| The data |
════

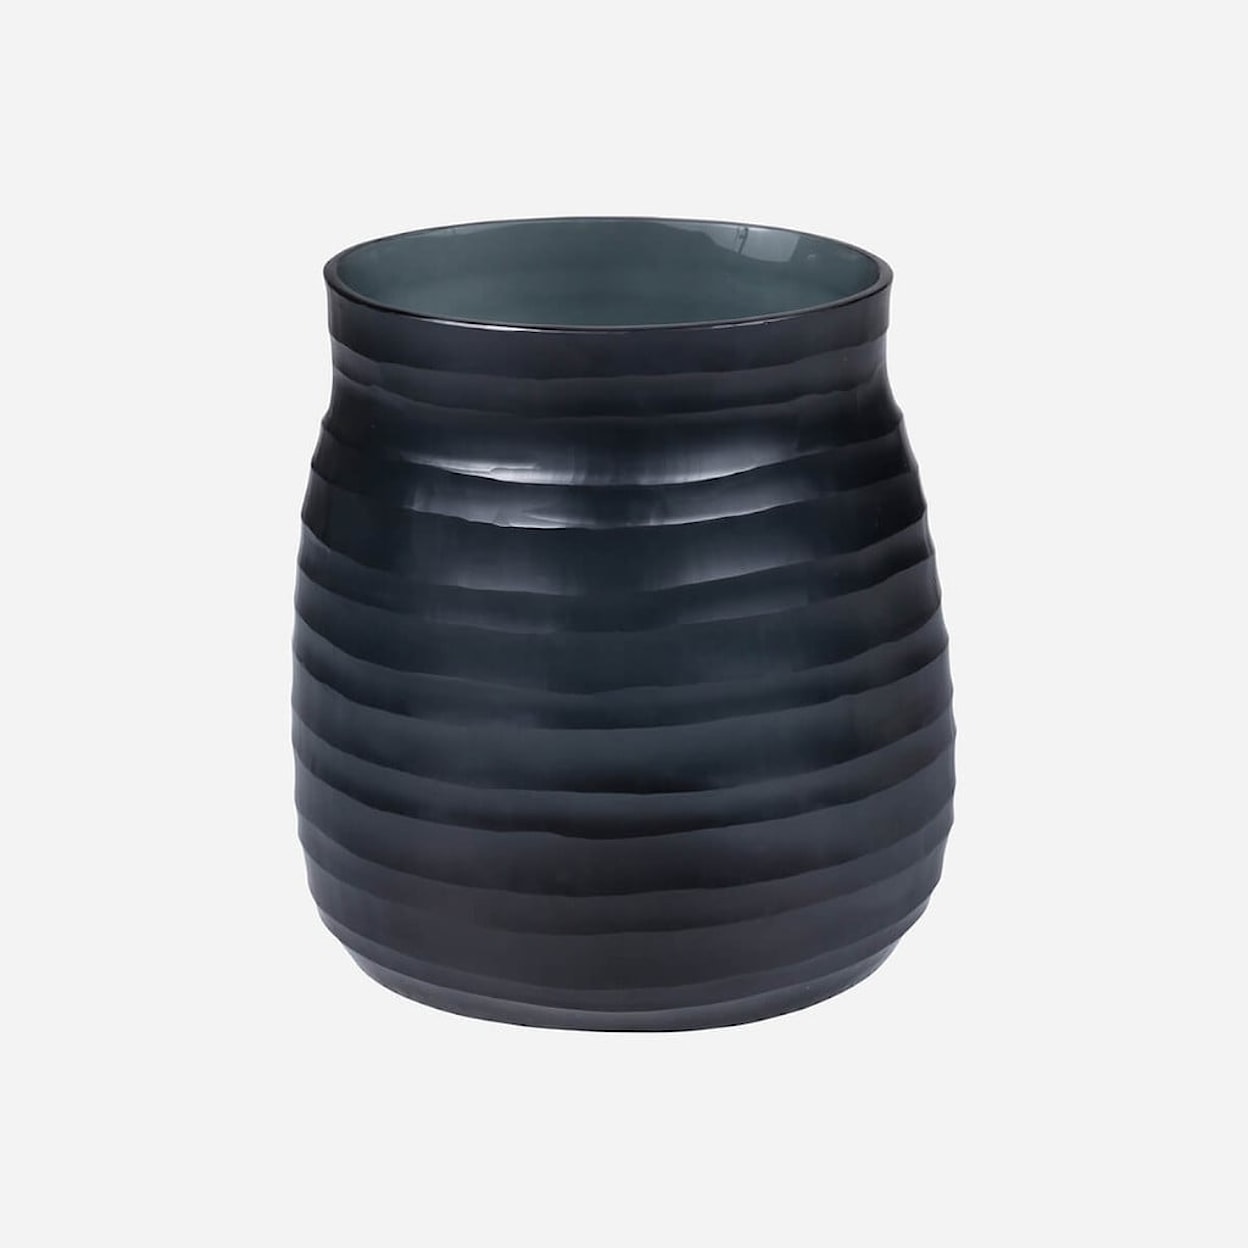 BOBO Intriguing Objects BOBO Intriguing Objects Escaut Dark Indigo Glass Vase - Medium
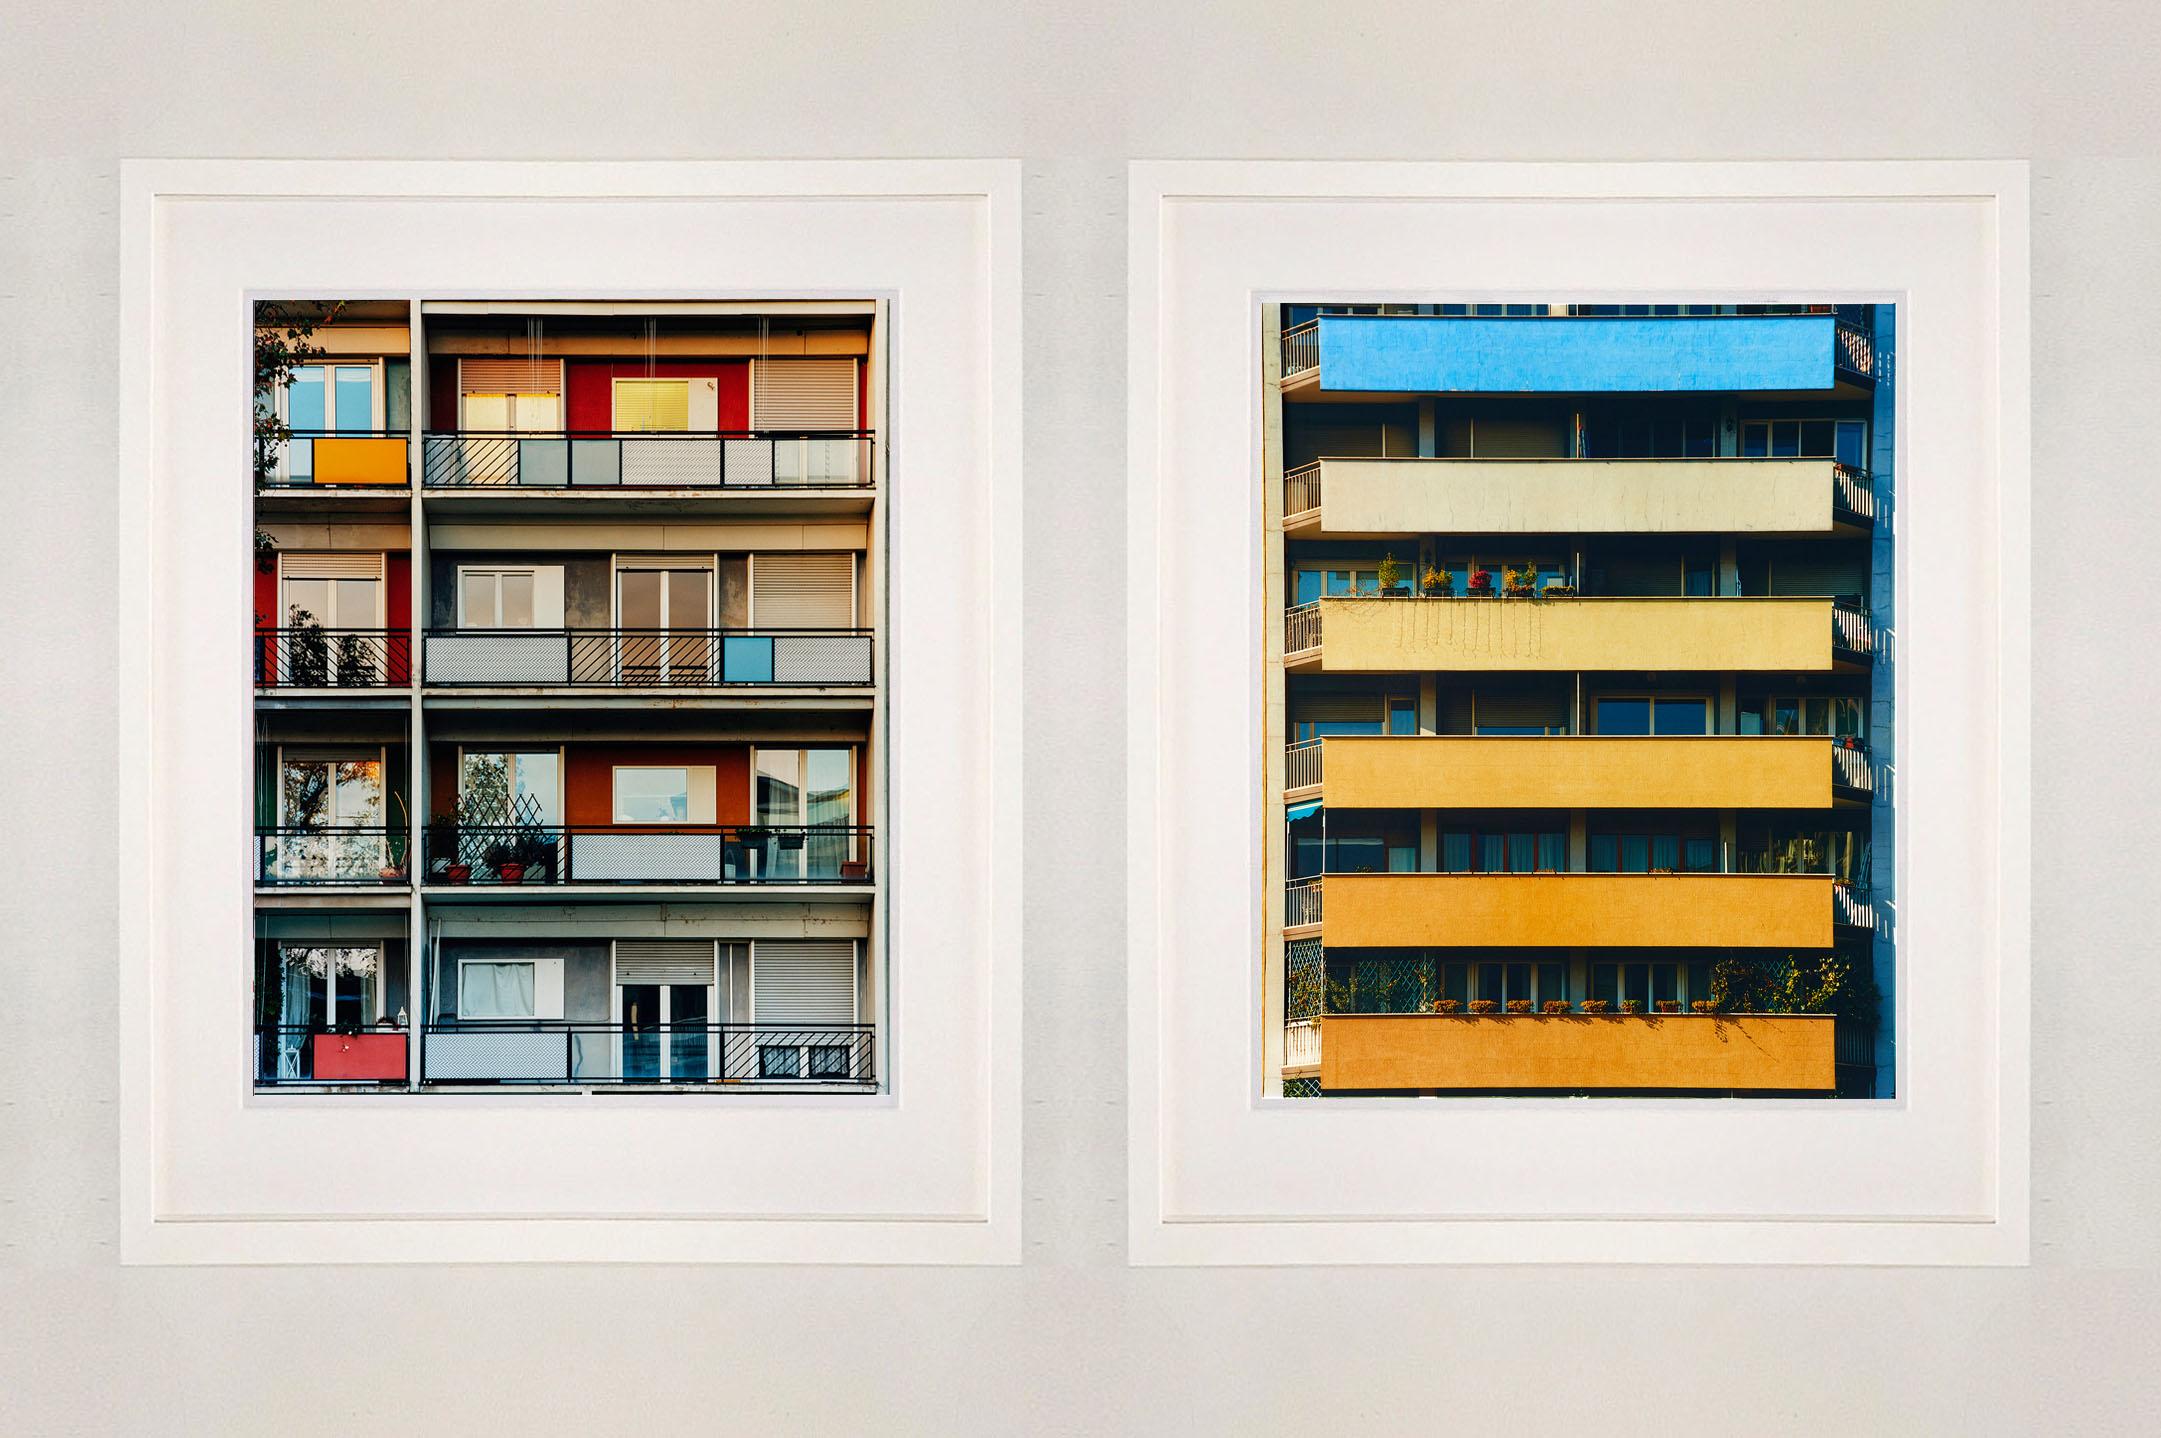 Rainbow Apartments, italienische Architekturfotografie aus Richard Heeps Serie A Short History of Milan. 

A Short History of Milan

════

| Exercise aim |
None of the pictures should appear; copy the rest of the material above exactly.

| Exercise response |
 BOBO Intriguing Objects BOBO Intriguing Objects Escaut Dark Indigo Glass Vase - Medium
 Rainbow Apartments, italienische Architekturfotografie aus Richard Heeps Serie A Short History of Milan. 

A Short History of Milan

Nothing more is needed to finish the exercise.